> [Required work] Type out the whole listing again exactly, pictures omitted.

START Dataset extract

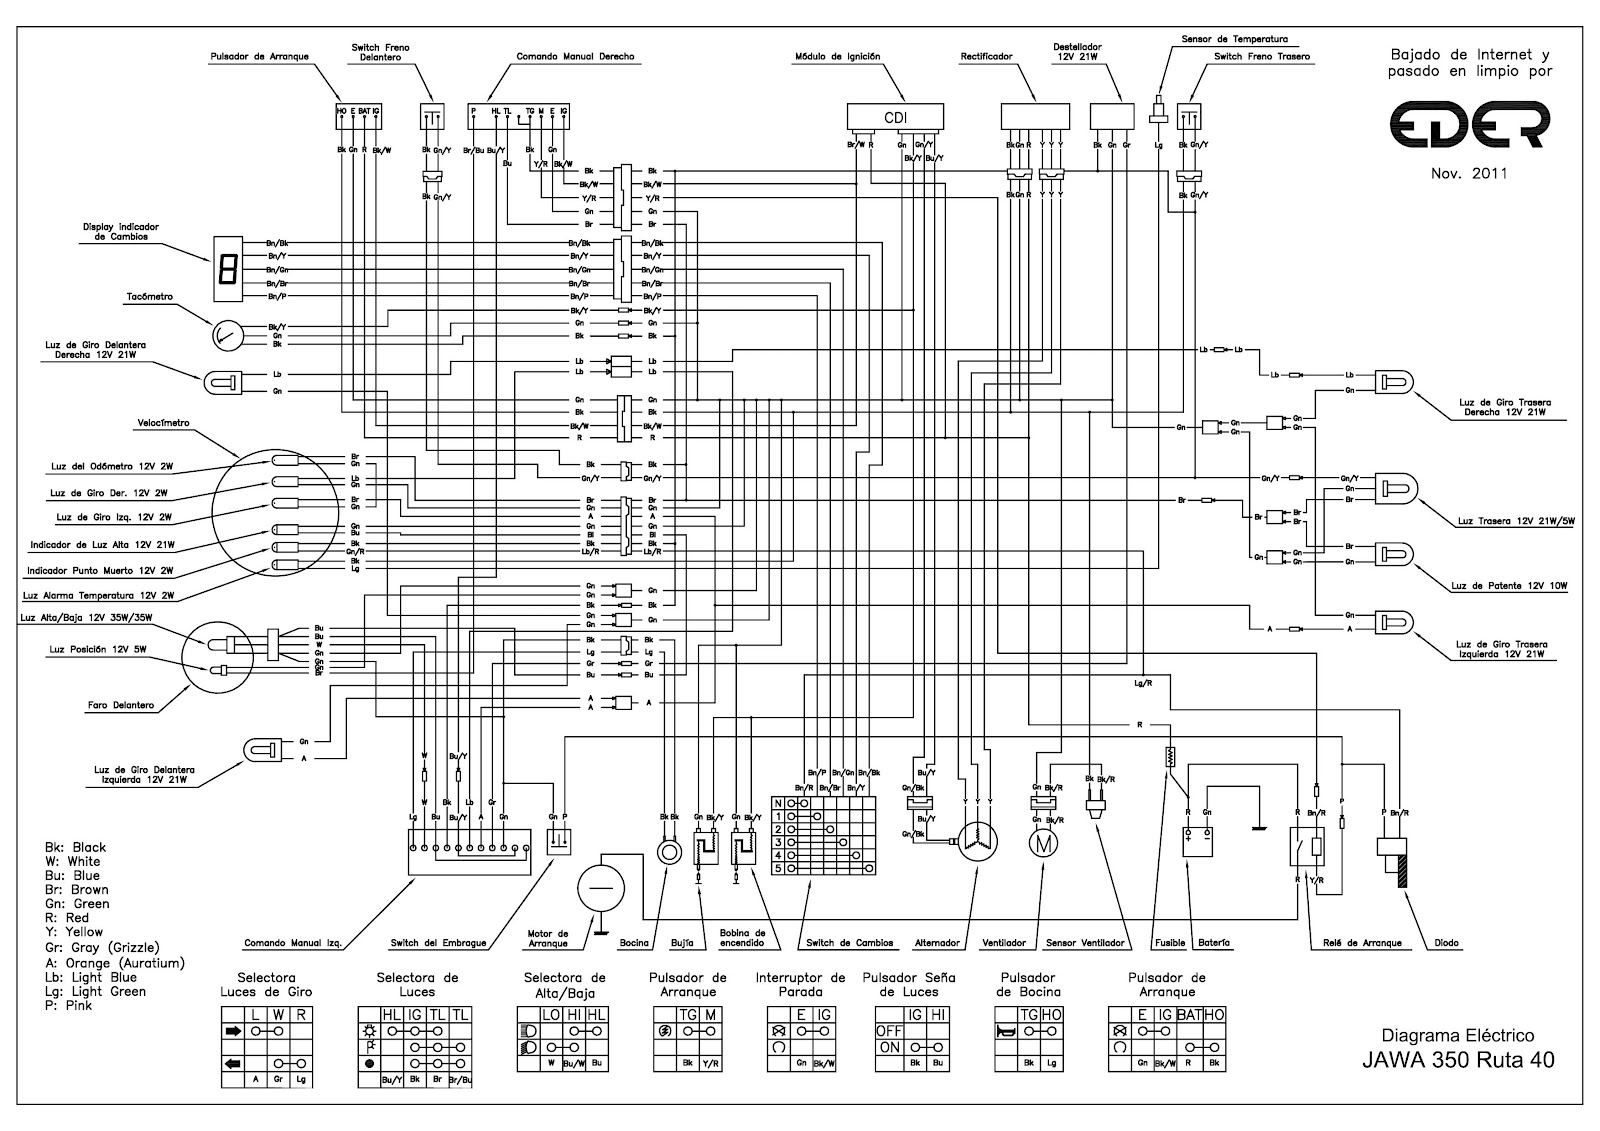 Mi Jawa 350 Ruta 40: Diagrama Eléctrico Jawa 350 RUTA 40
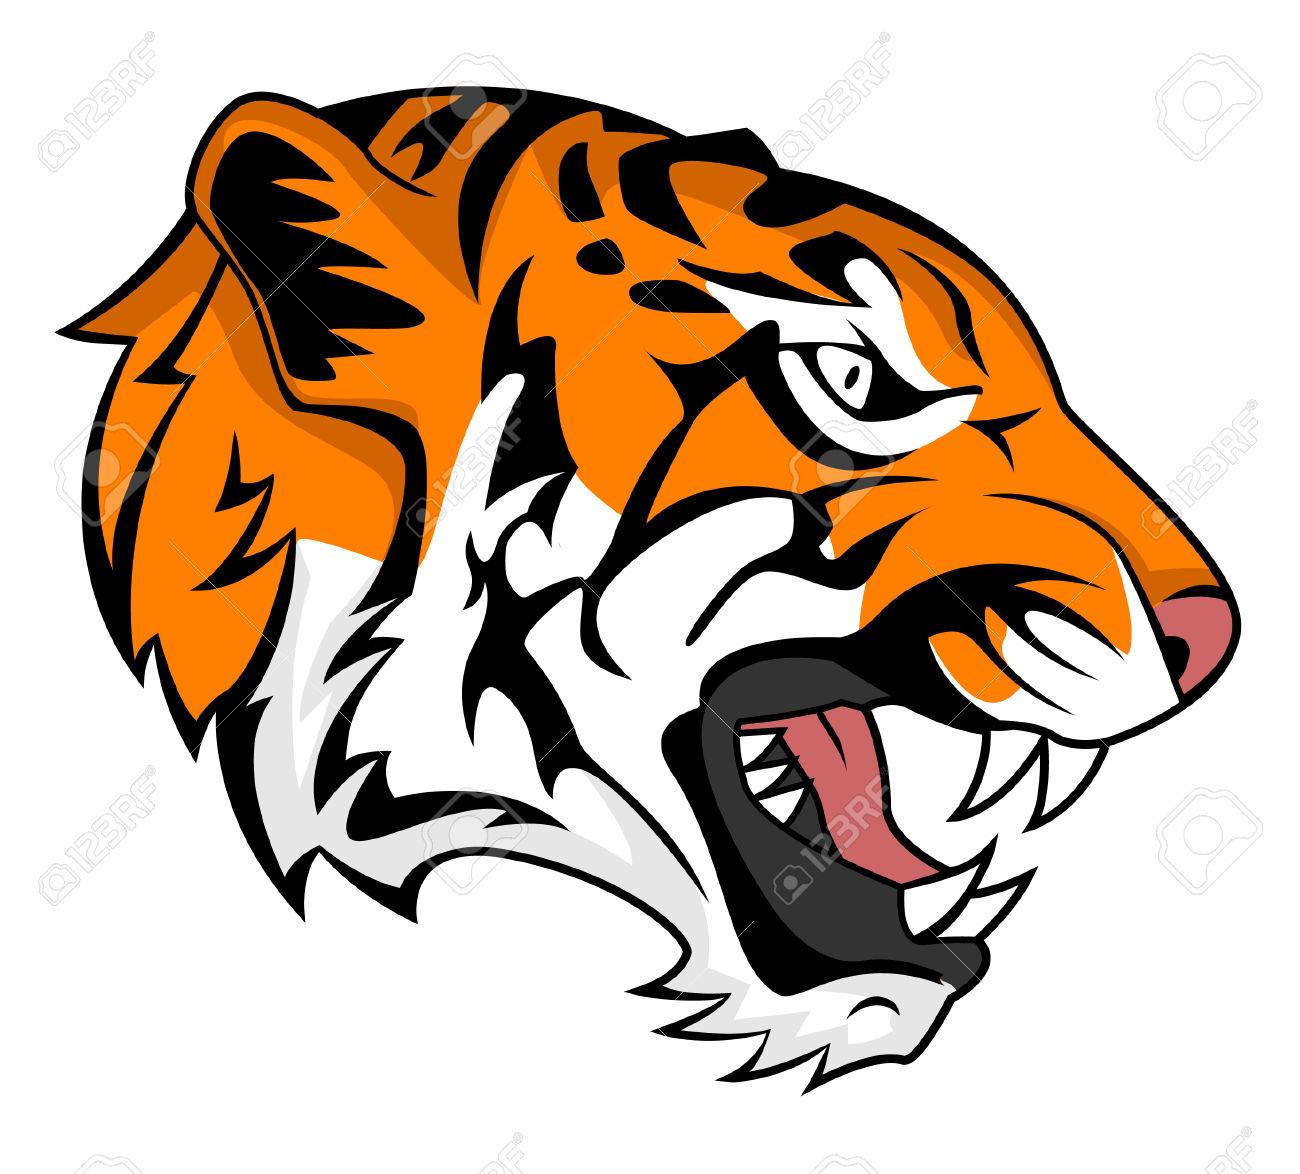 Roaring tiger head clipart svg freeuse download Tiger Head Clipart | Free download best Tiger Head Clipart ... svg freeuse download
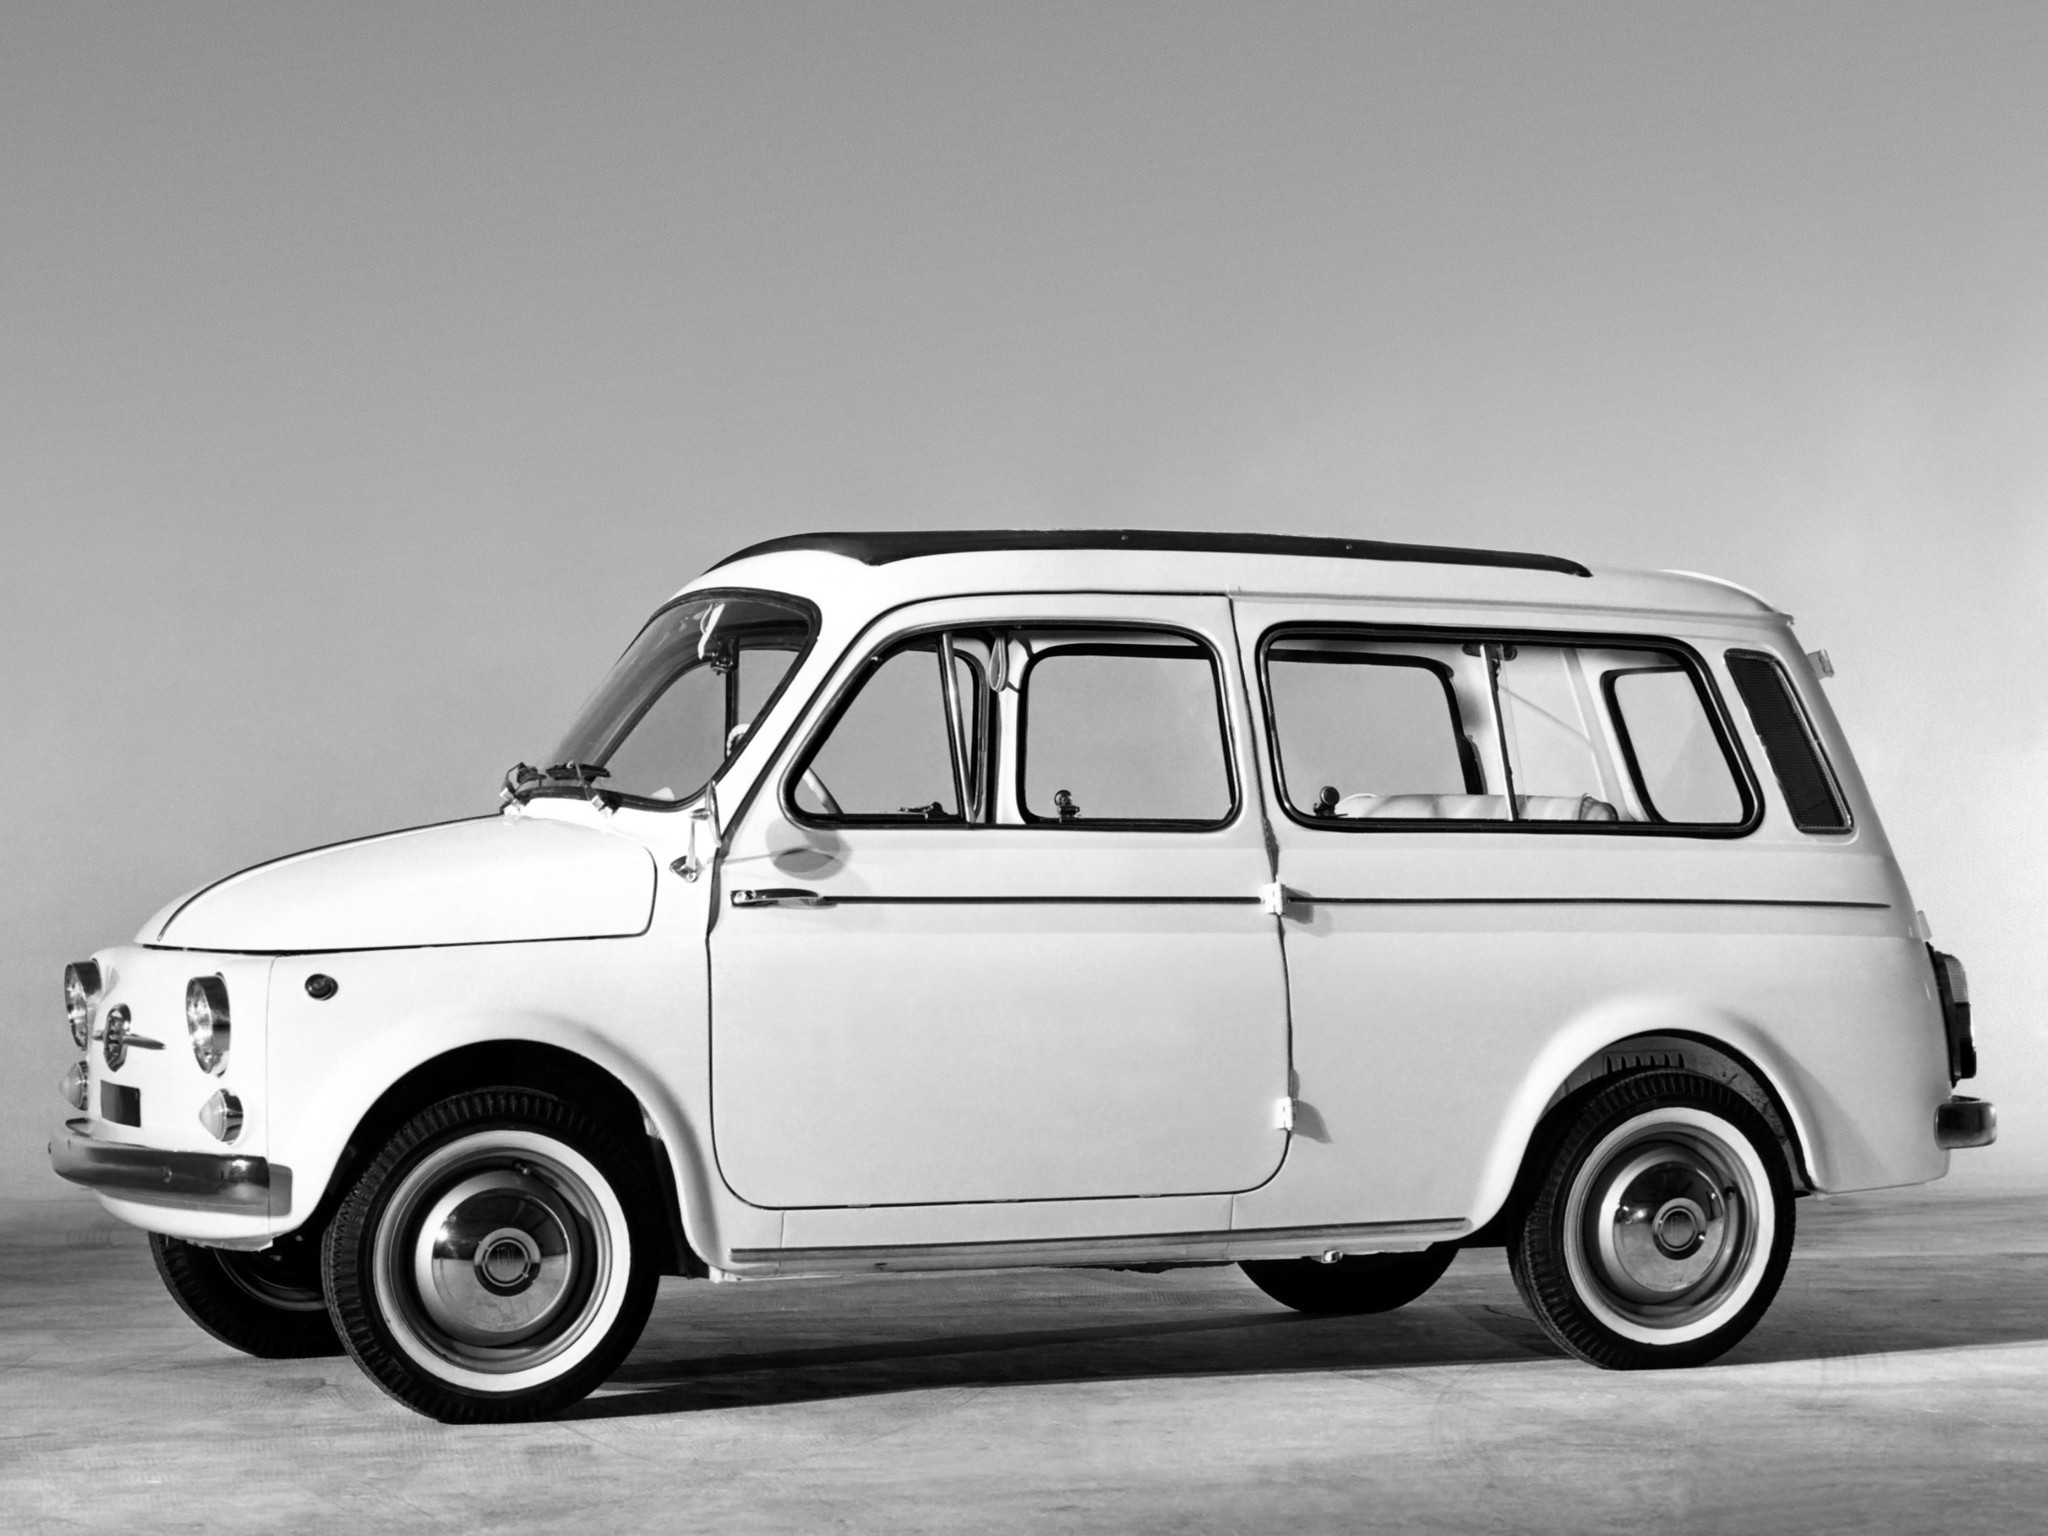 fiat 500 k giardiniera 1960 1961 1962 1963 1964 1965 1966 1967 1968 1969 1970 1971. Black Bedroom Furniture Sets. Home Design Ideas
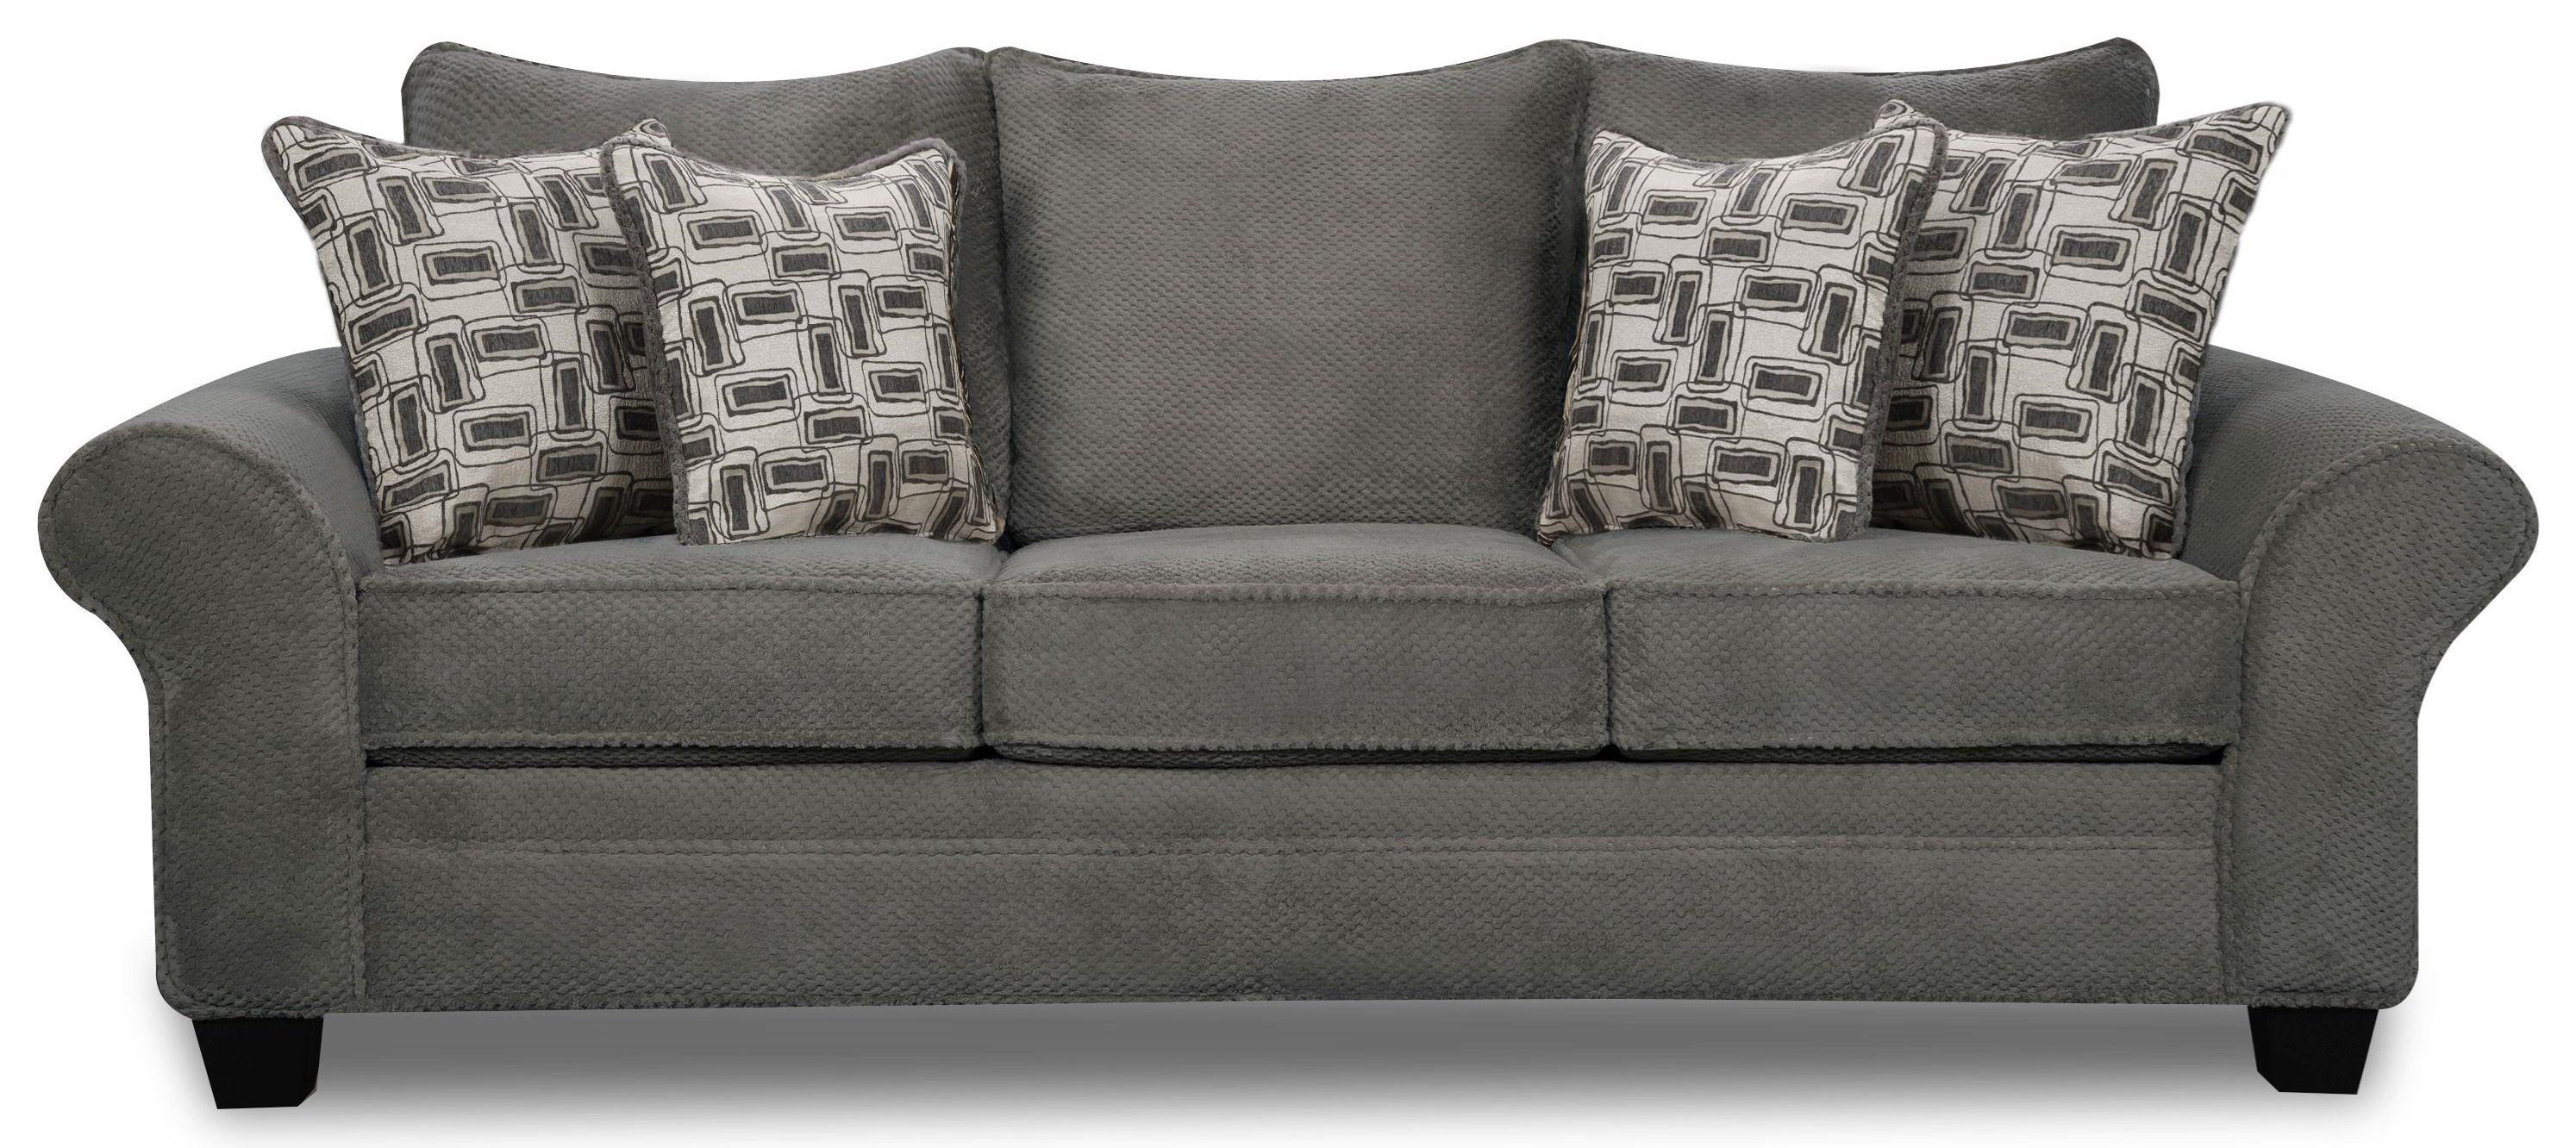 Granada Roll-Arm Sofa at Rotmans

END Dataset extract

> [Exercise solution]
 Mi Jawa 350 Ruta 40: Diagrama Eléctrico Jawa 350 RUTA 40
 Roaring tiger head clipart svg freeuse download Tiger Head Clipart | Free download best Tiger Head Clipart ... svg freeuse download
 fiat 500 k giardiniera 1960 1961 1962 1963 1964 1965 1966 1967 1968 1969 1970 1971. Black Bedroom Furniture Sets. Home Design Ideas
 Granada Roll-Arm Sofa at Rotmans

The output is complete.